图8 不同质量流速下搅混翼对CHF的影响Fig.8 Effect of mass flux on CHF by mixing-vane

经过搅混翼叶片强化后的湍流搅混速率会沿着流动方向衰减(对应气泡层重新分布)。初始的强化量与雷诺数呈正相关;衰减速率与雷诺数呈正相关,与距定位格架的距离呈负相关[14-15]。因此,在低质量流速下经过定位格架后增强的湍流搅混速率衰减速率很快,而格架距离出口位置相对较长,所以CHF并未得到强化。

图9给出不同压力下质量流速分别为600 kg/(m2·s)和1 800 kg/(m2·s)时的搅混翼叶片对CHF的影响。结果表明,当质量流速为600 kg/(m2·s)时,任何压力下搅混翼叶片对CHF均未起到强化作用。但质量流速为1 800 kg/(m2·s)时,在所有压力下均可观察到CHF的增强,且CHF的强化比随压力的增加而略有增加。

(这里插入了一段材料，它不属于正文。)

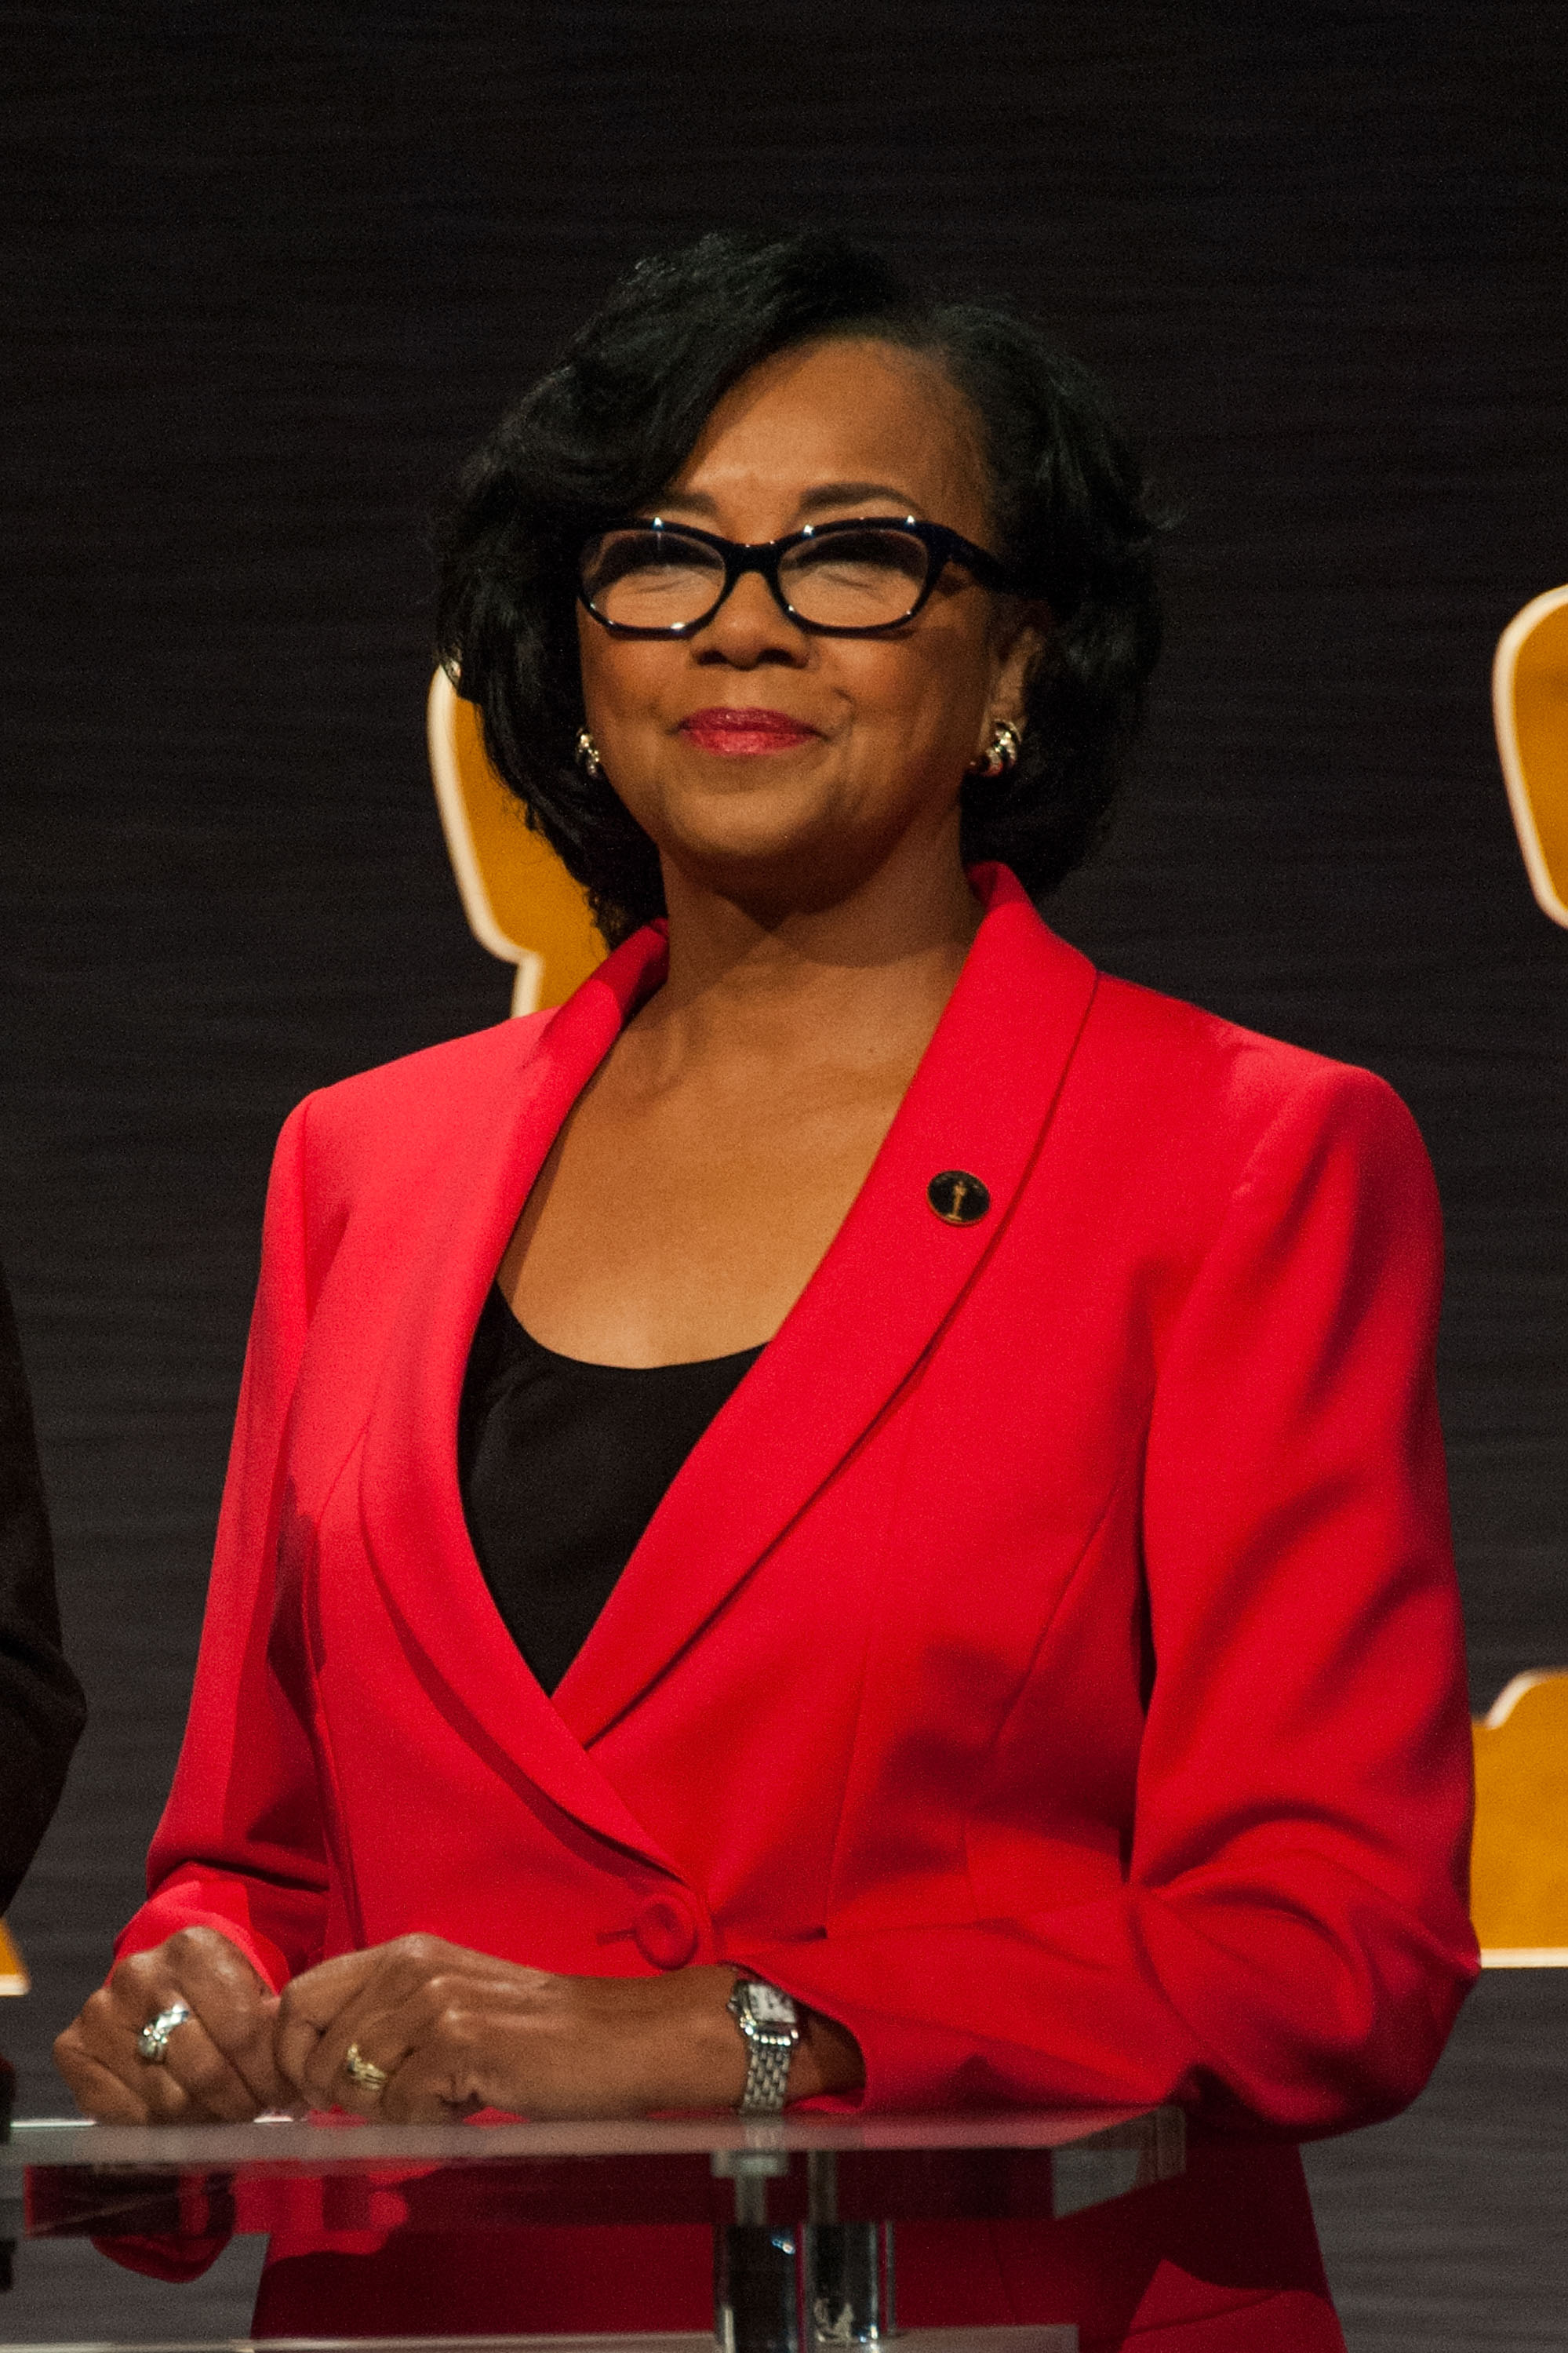 Academy President Cheryl Boone Isaacs attends the 87th Academy Awards Nominations Announcement at AMPAS Samuel Goldwyn Theater on Jan. 15, 2015 in Beverly Hills, California.

质量流速:a——600 kg/(m2·s);b——1 800 kg/(m2·s)图9 不同压力下搅混翼对CHF的影响Fig.9 Effect of pressure on CHF by mixing-vane

3 结论

本文以R-134a为工质,在垂直单棒方形通道中进行了CHF实验。实验工况由流体模化法并结合典型压水堆运行工况确定。通过可视化的手段,观察发生CHF过程中的现象以及定位格架对CHF增强的影响,所得结论如下。

1) 观察到单棒方形通道内完整的沸腾危机现象。临近沸腾危机时,内棒表面的气泡壅塞造成局部的膜态沸腾,壁温处于波动状态,膜态沸腾起始位置具有一定的随机性;发生沸腾危机过程中,气膜逐渐变宽并沿内棒表面向周向扩展直至棒表面形成稳定的膜态沸腾,完成核态沸腾阶段向膜态沸腾阶段的转变。

2) 通过可视化的手段观察到定位格架对气泡行为的影响,主要体现在条带-弹簧对气泡的撕裂作用和搅混翼叶片引起的旋流。大气泡被撕裂成小气泡破坏了气泡层的发展,搅混翼叶片引起的旋流增加了内棒表面附近的湍流搅混速率,这两种作用使得CHF强化。搅混翼叶片对CHF的增强作用随质量流速和压力的增加而增加,但低质量流速下,CHF强化作用不明显。